Top of DATASET
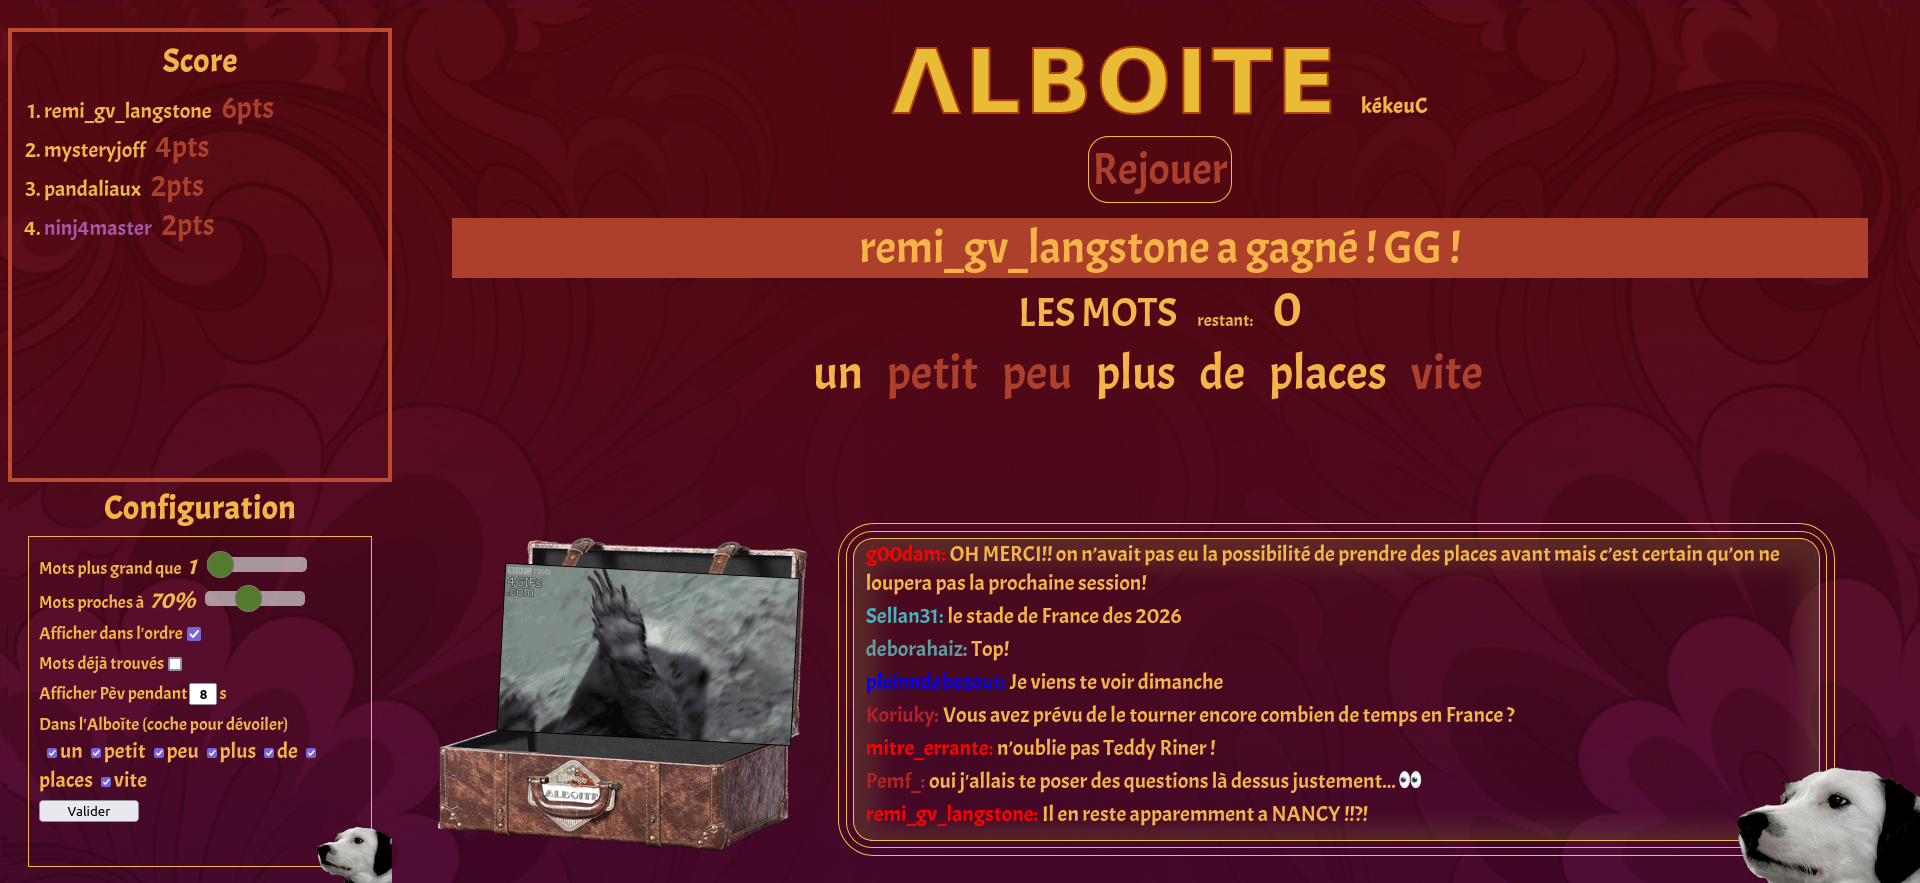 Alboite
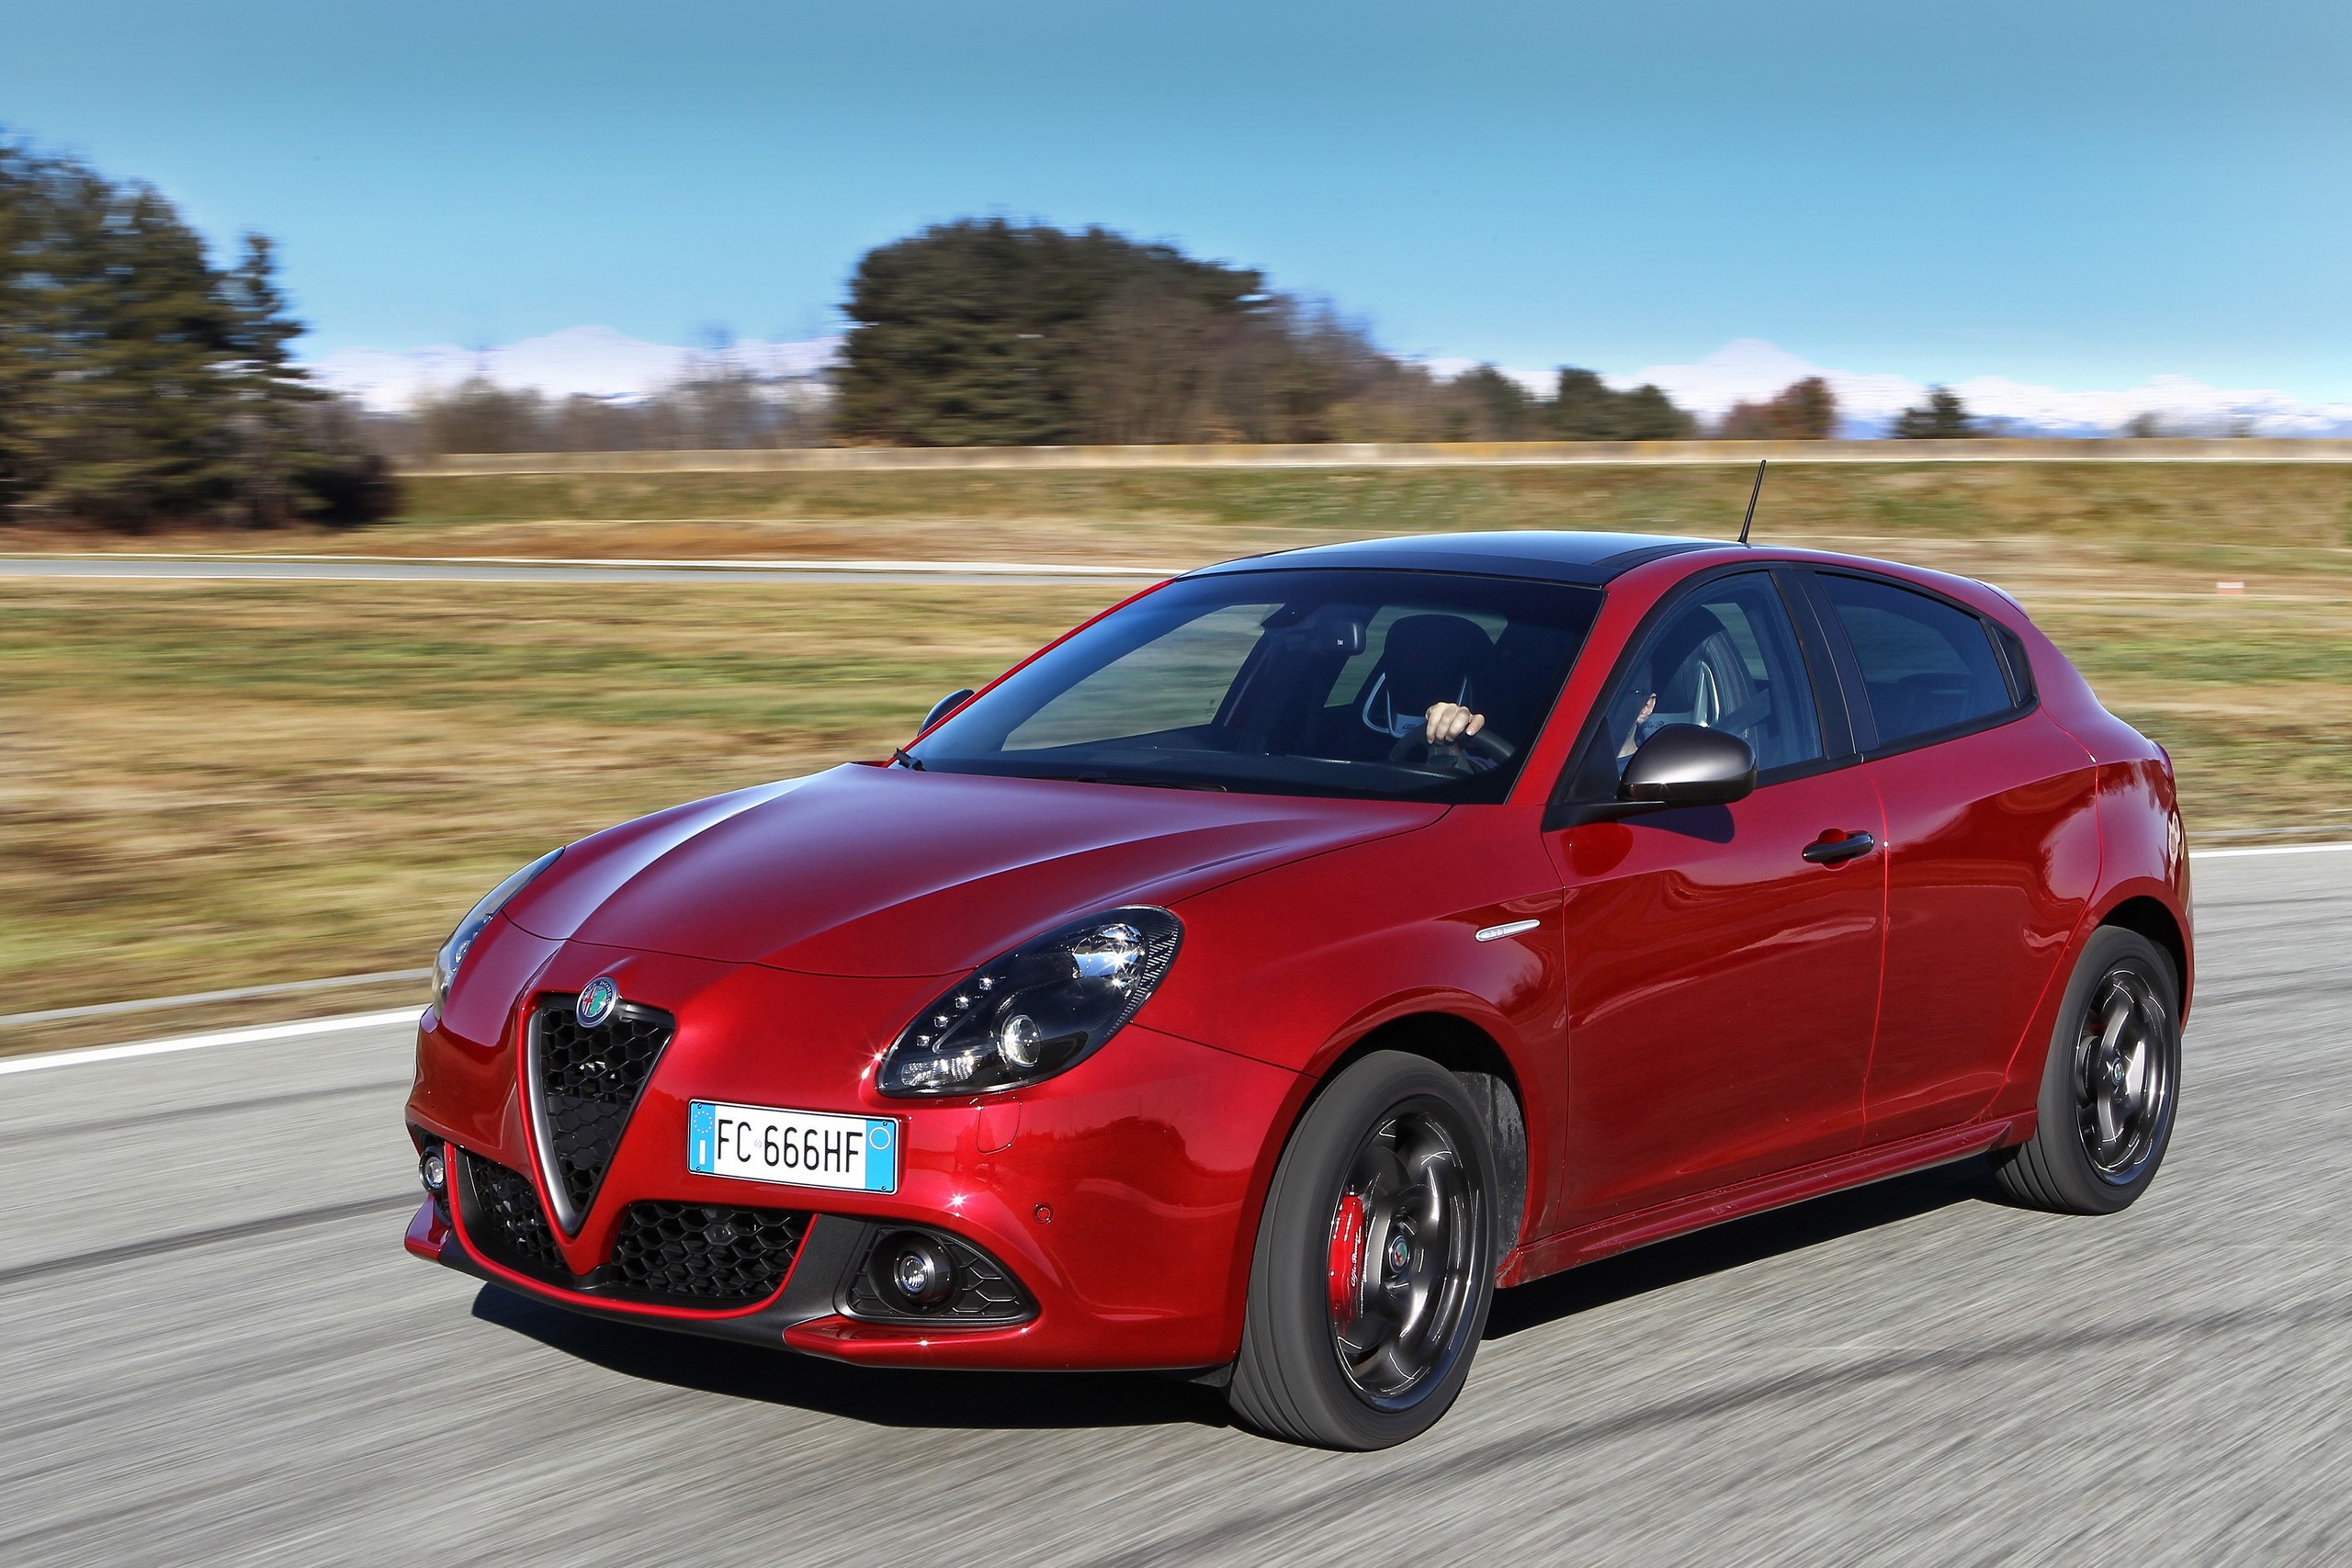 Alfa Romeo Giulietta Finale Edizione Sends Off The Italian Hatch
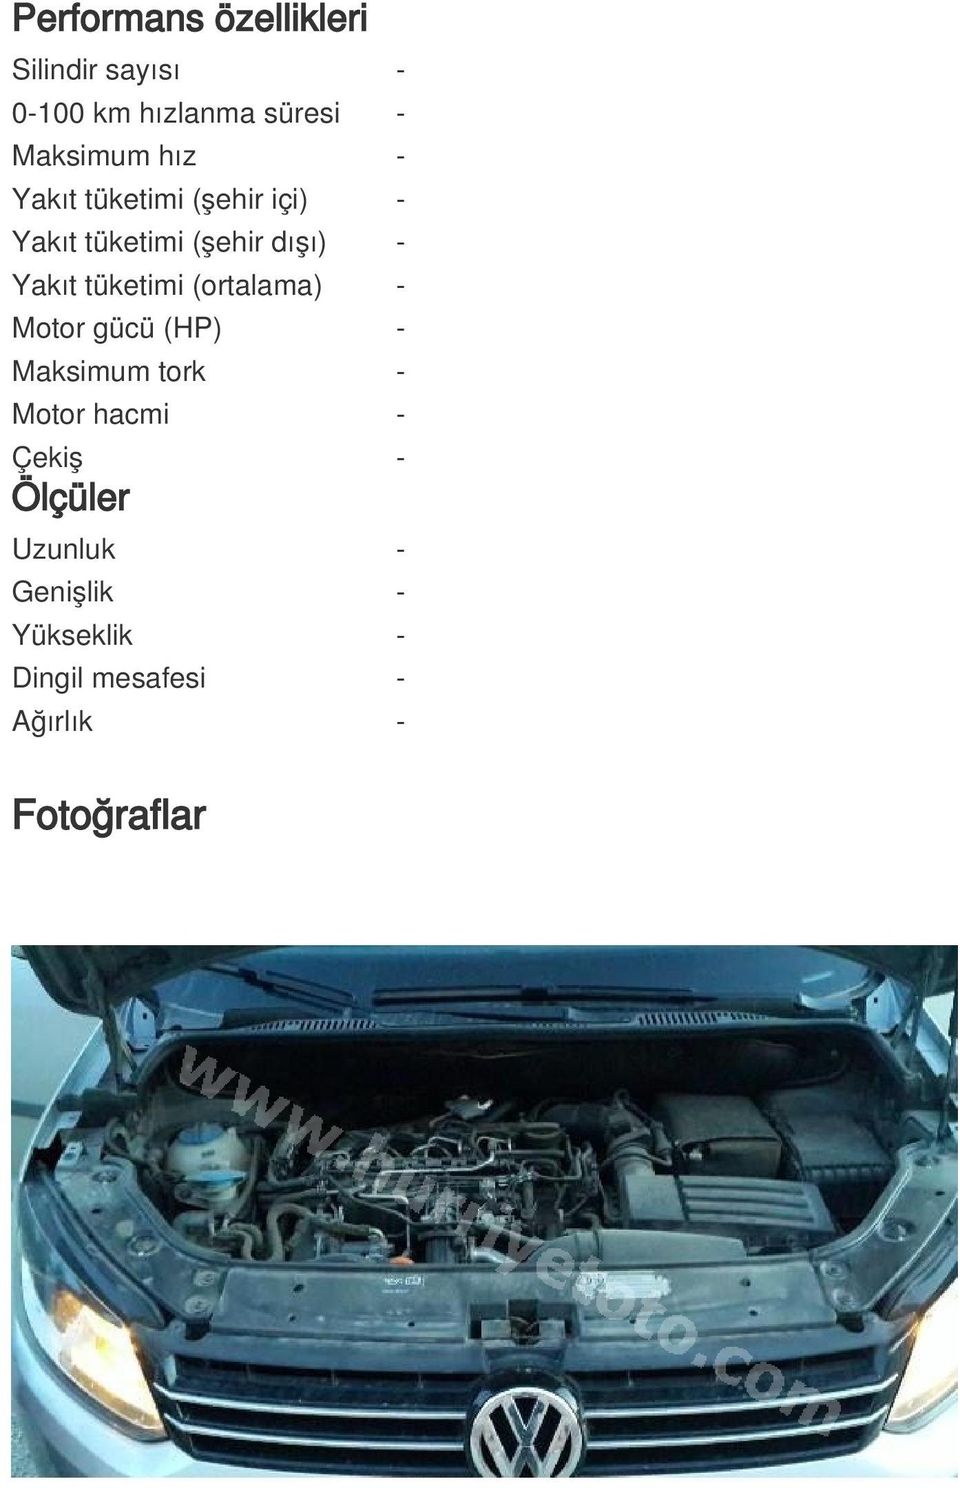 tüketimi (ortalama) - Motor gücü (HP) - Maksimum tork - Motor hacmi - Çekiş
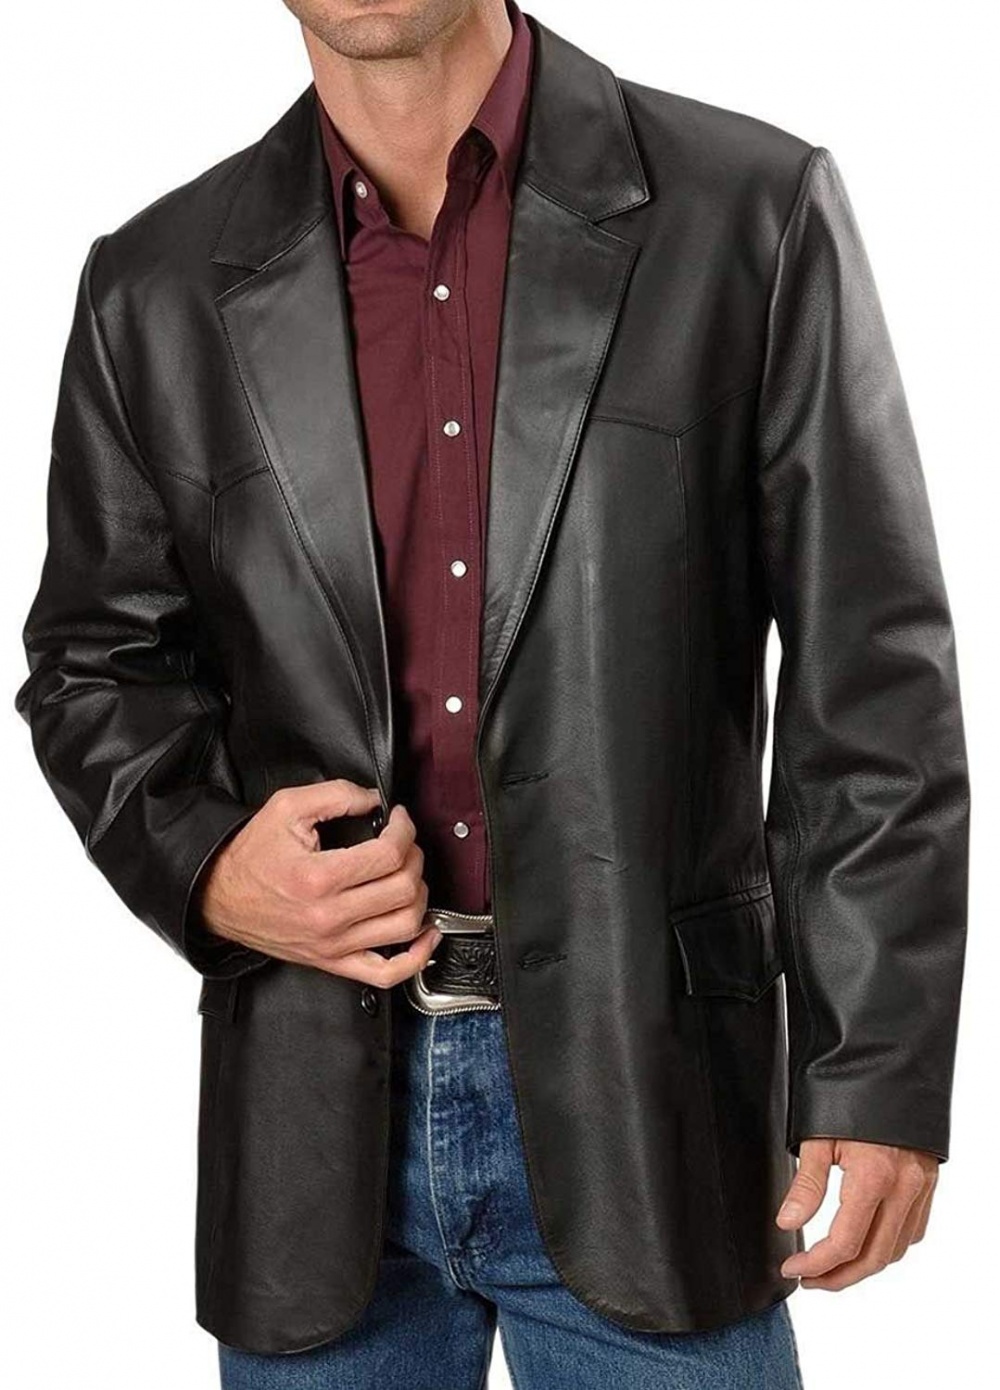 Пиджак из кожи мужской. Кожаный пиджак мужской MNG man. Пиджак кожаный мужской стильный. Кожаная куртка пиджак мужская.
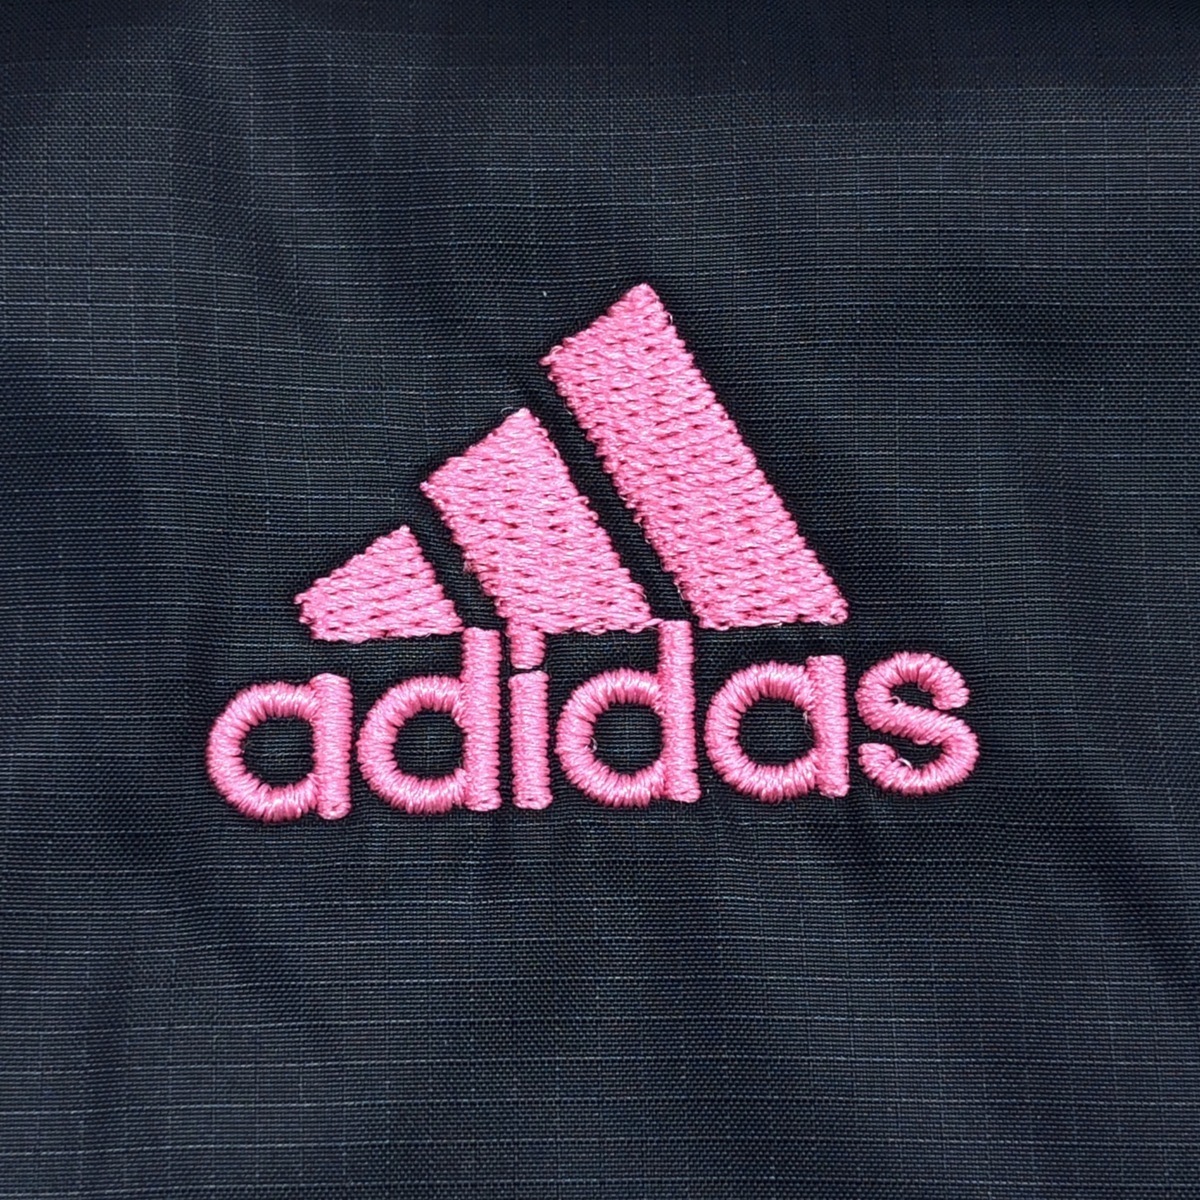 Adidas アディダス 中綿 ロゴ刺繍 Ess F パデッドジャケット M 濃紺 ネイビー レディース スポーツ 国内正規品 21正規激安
Bottom of DATASET
-- TASK REQUIREMENTS --
Write the entries out again exactly as they appear, with the pictures omitted.

-- TASK RESPONSE --
 Alboite
 Alfa Romeo Giulietta Finale Edizione Sends Off The Italian Hatch
 tüketimi (ortalama) - Motor gücü (HP) - Maksimum tork - Motor hacmi - Çekiş
 Пиджак из кожи мужской. Кожаный пиджак мужской MNG man. Пиджак кожаный мужской стильный. Кожаная куртка пиджак мужская.
 Adidas アディダス 中綿 ロゴ刺繍 Ess F パデッドジャケット M 濃紺 ネイビー レディース スポーツ 国内正規品 21正規激安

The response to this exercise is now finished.